As exciting as this time of year is, it’s anti-climatic since promotions in public accounting are very prescribed and follow a consistent timeline:

1. You must work at the firm X number of years (typically 3) to get promoted from associate/staff to senior.

2. You must trudge it out another X number of years and be rewarded with a promotion to manager.

3. And so on until partner.

Some firms say they offer early promotion. I never saw it happen in my time in public accounting. Never. Especially not for a campus hire. No manager wants to set that precedent and have a single lucky first-year staff leapfrogging another staff to senior for fear of discord within the ranks.

Sure, experienced hires might be promoted without waiting for the normal time to elapse. But again, I never saw it.

Mix that with a high turnover rate and — the result — you see auditors and other advisory/attestation professionals who perform the role without the title (or the commensurate salary). Since I didn’t deal with tax teams very often, I’m not sure if their promotion cycles line up the same way, but it wouldn’t surprise me.

For example, it’s common to see lower level staff auditors listed as the “in-charge” staff. This auditor has to take on the role of a senior without the official title to jazz up their resume. It’s already a thankless job to be a senior, even with a title. No one really wants to be stuck being the main point of contact for the client, to lead the status meetings, or to have to review workpapers from the global resources (aka the outsourced client work).

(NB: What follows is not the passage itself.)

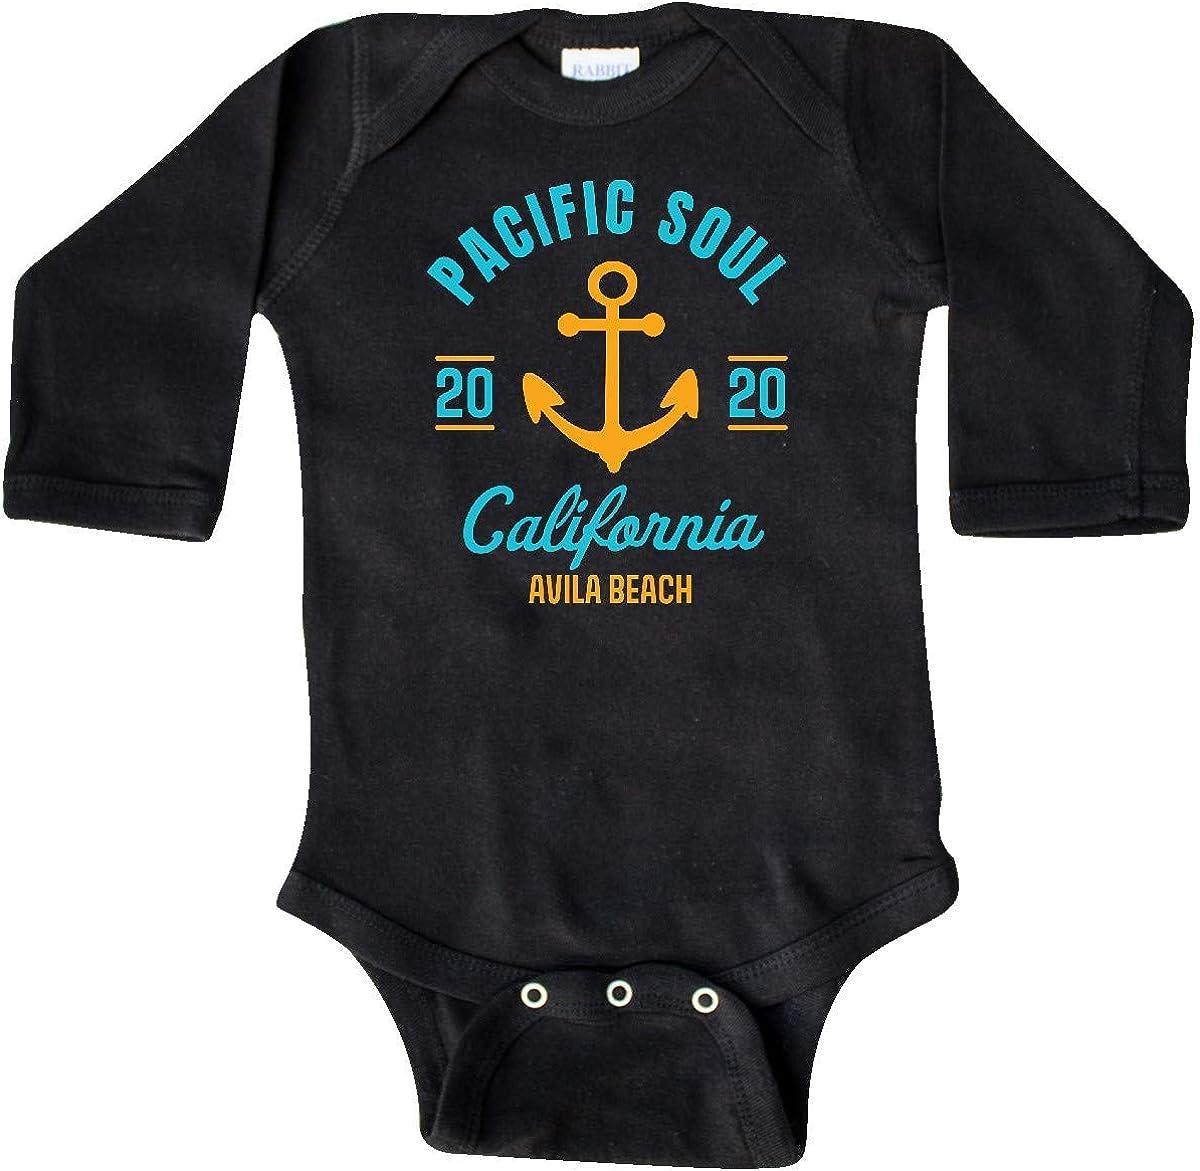 inktastic Pacific Soul California Avila Beach 2020 with Long Sleeve Creeper

It’s much easier to just show up and color with your red pen.

Am I the only one who thinks this is ridiculous?

Many people think titles, especially without an increase in pay, don’t mean anything. I disagree.

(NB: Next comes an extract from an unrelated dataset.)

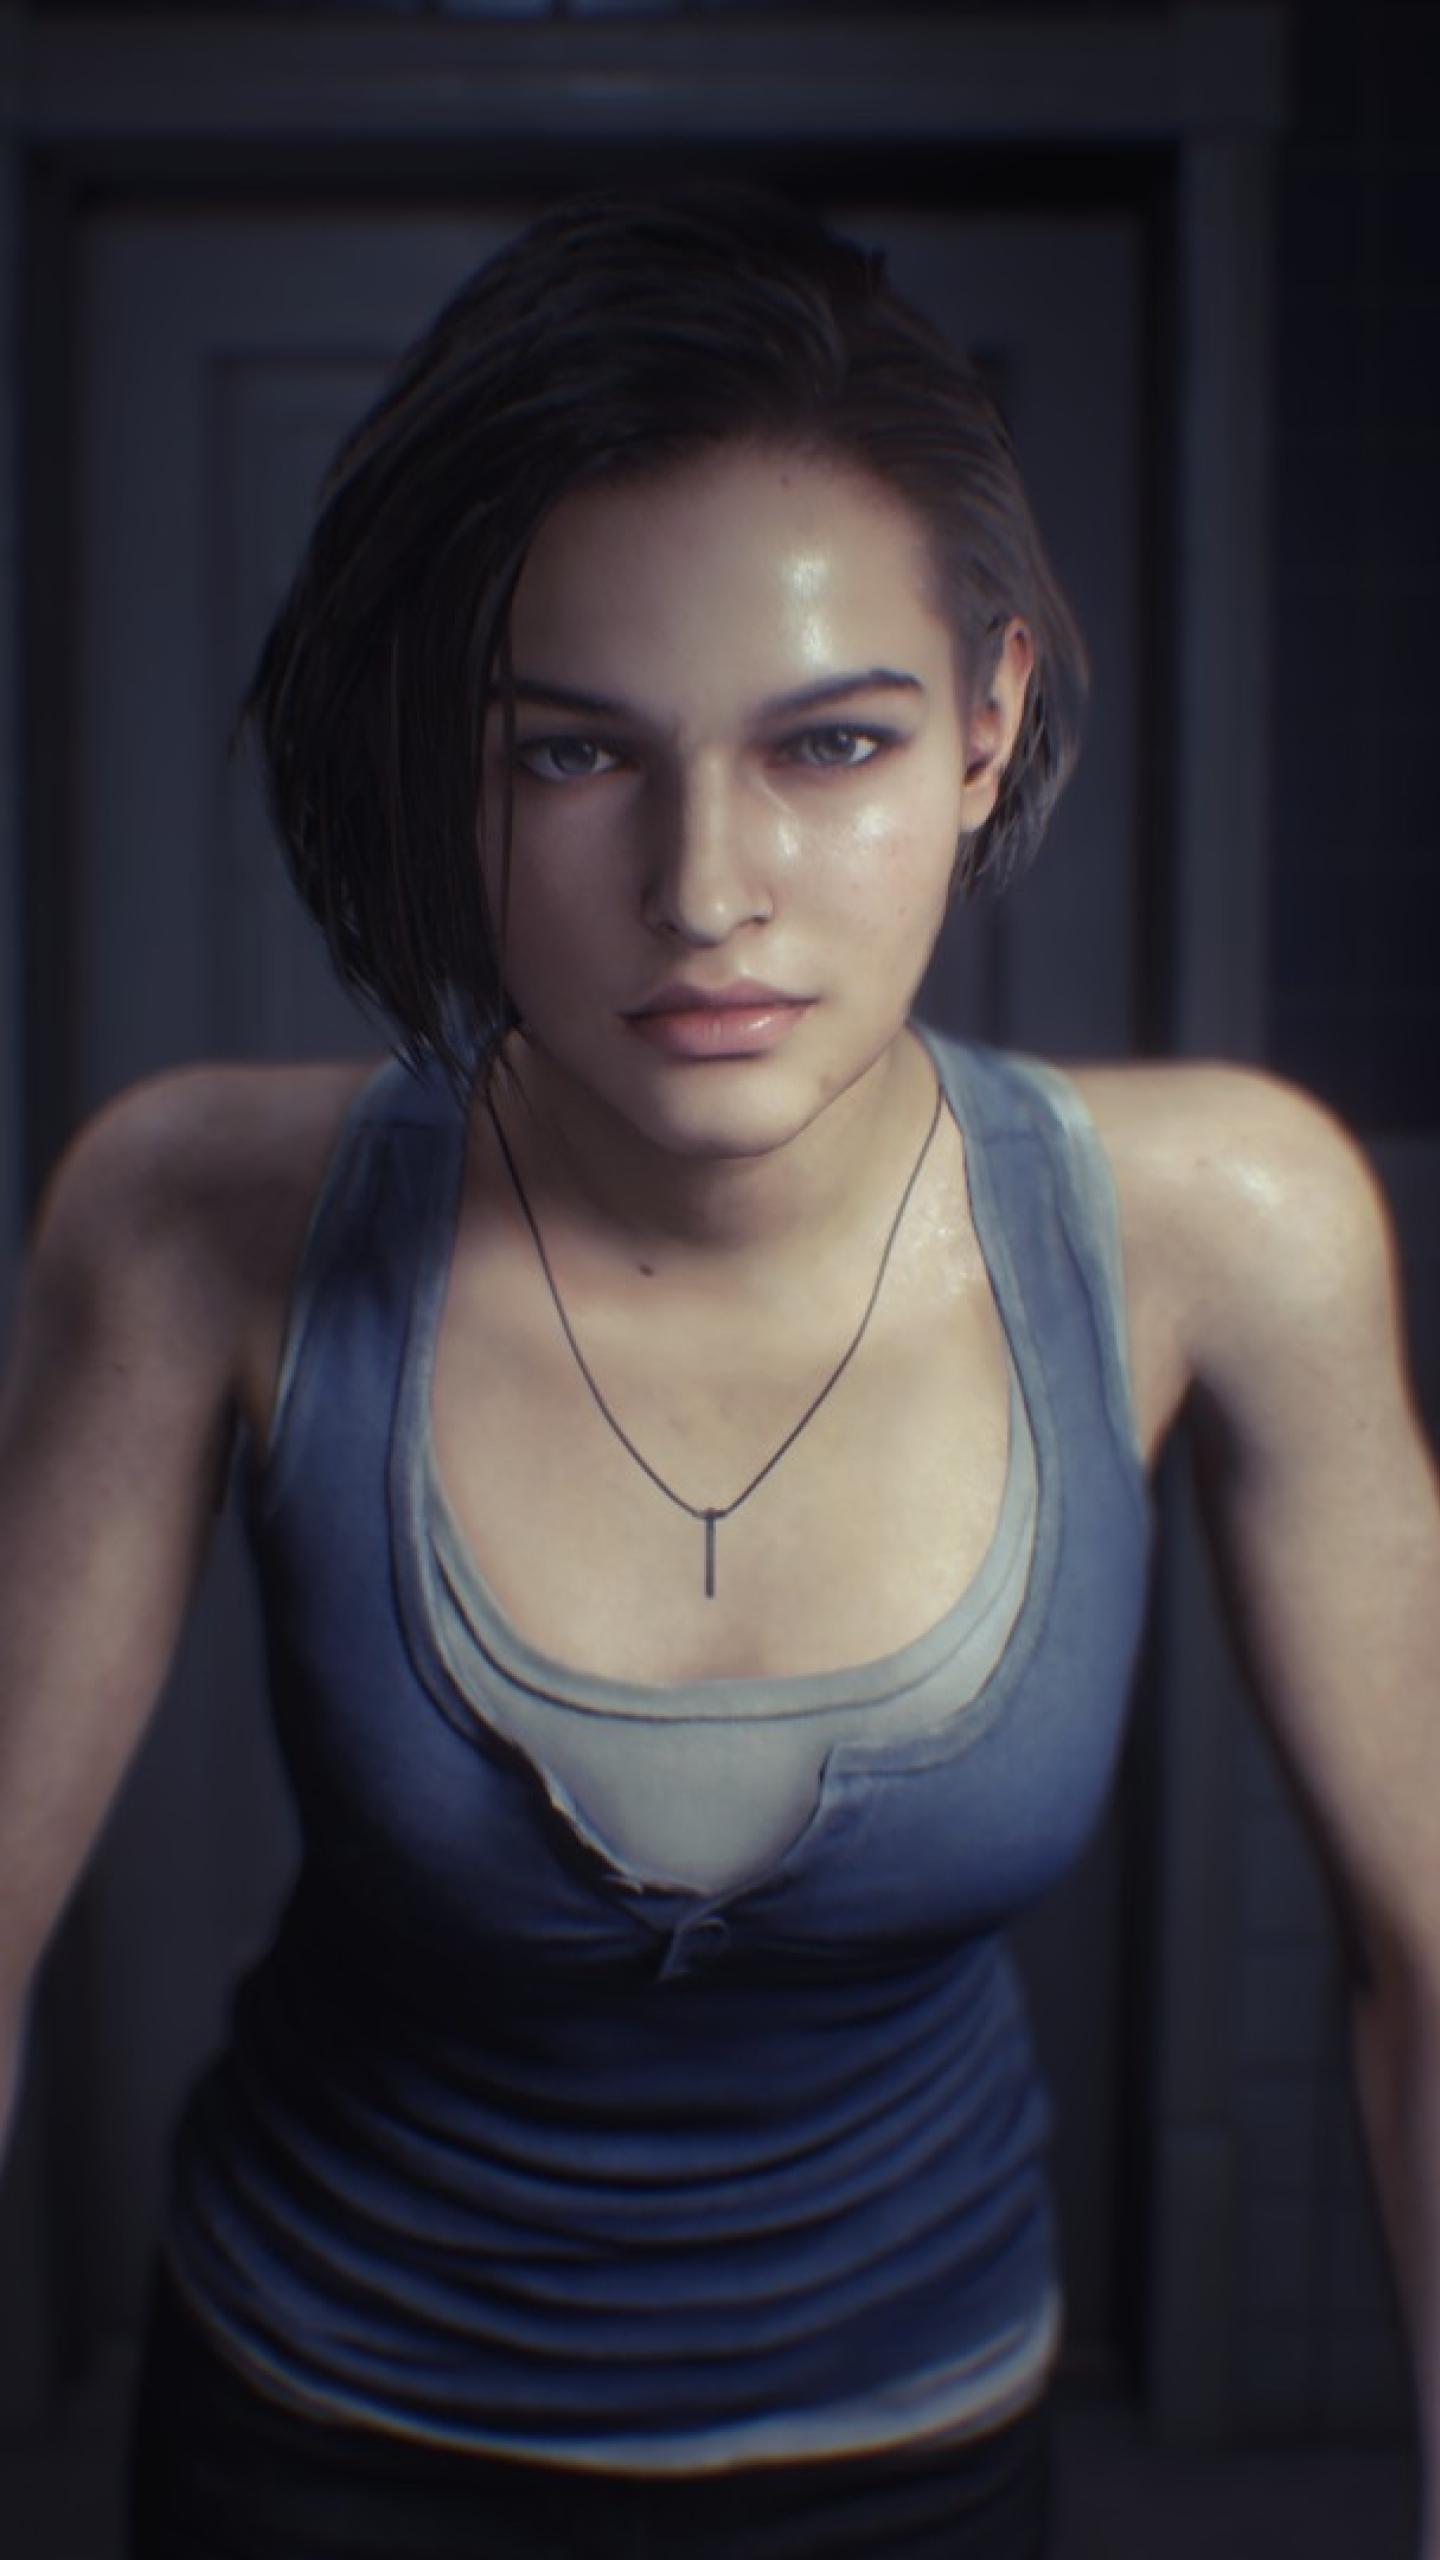 1440x2560 Jill Valentine Resident Evil 3 Remake Samsung Galaxy S6

Do job titles really matter?

The short answer is yes. Why is everyone telling you to stick around until senior or manager before quitting? Lifehacker has some sage advice:

Your title only makes a significant difference when distinguishing a regular employee from a manager and when you leave your job and have to stick it on your resume.

In public accounting, most people are varying stages of getting ready to jump ship. If you haven’t thought about it yet, you will. So, which title you have when you leave public accounting matters and hiring managers will judge your dedication — and ability to endure busy seasons — by looking at that title. It may not be fair, but it’s a fact.

Fine, you commit yourself to staying until [insert job title here] before you kiss busy season goodbye and look for greener pastures. One problem, firms figured this out too and are capitalizing on it.

Performance review season retention gimmick

Dangling the promotion — i.e. announcing over the Summer but not actually awarding it until the Fall — is one of the Big 4 firms’ sneaky retention tactics. I recall that my performance at KPMG was measured from my start date in September through sometime in April. My performance review took place in July and promotions were announced. Any titles and raises were not doled out until the new fiscal year on October 1.

All “soon-to-be-promoted” auditors end up working above their title for the next couple of months until they are actually promoted, and their pay caught up. My beef: the job duties and responsibilities don’t transition abruptly as the end of the fiscal year, so you’re stuck doing higher level work for less money and no title.

Plus, the performance from May 1 – September 30 of the current year didn’t get acknowledged until the following year. Theoretically, if I did “outstanding” work on an audit in June 2017, it wouldn’t factor into a promotion until October 2018. It’s really hard to be a “high performer” and be eligible for larger percentage increases in base pay with that type of lag.

Again, am I the only one who thinks this is bogus? And, do you think the title you resign with matters when you leave public? Discuss.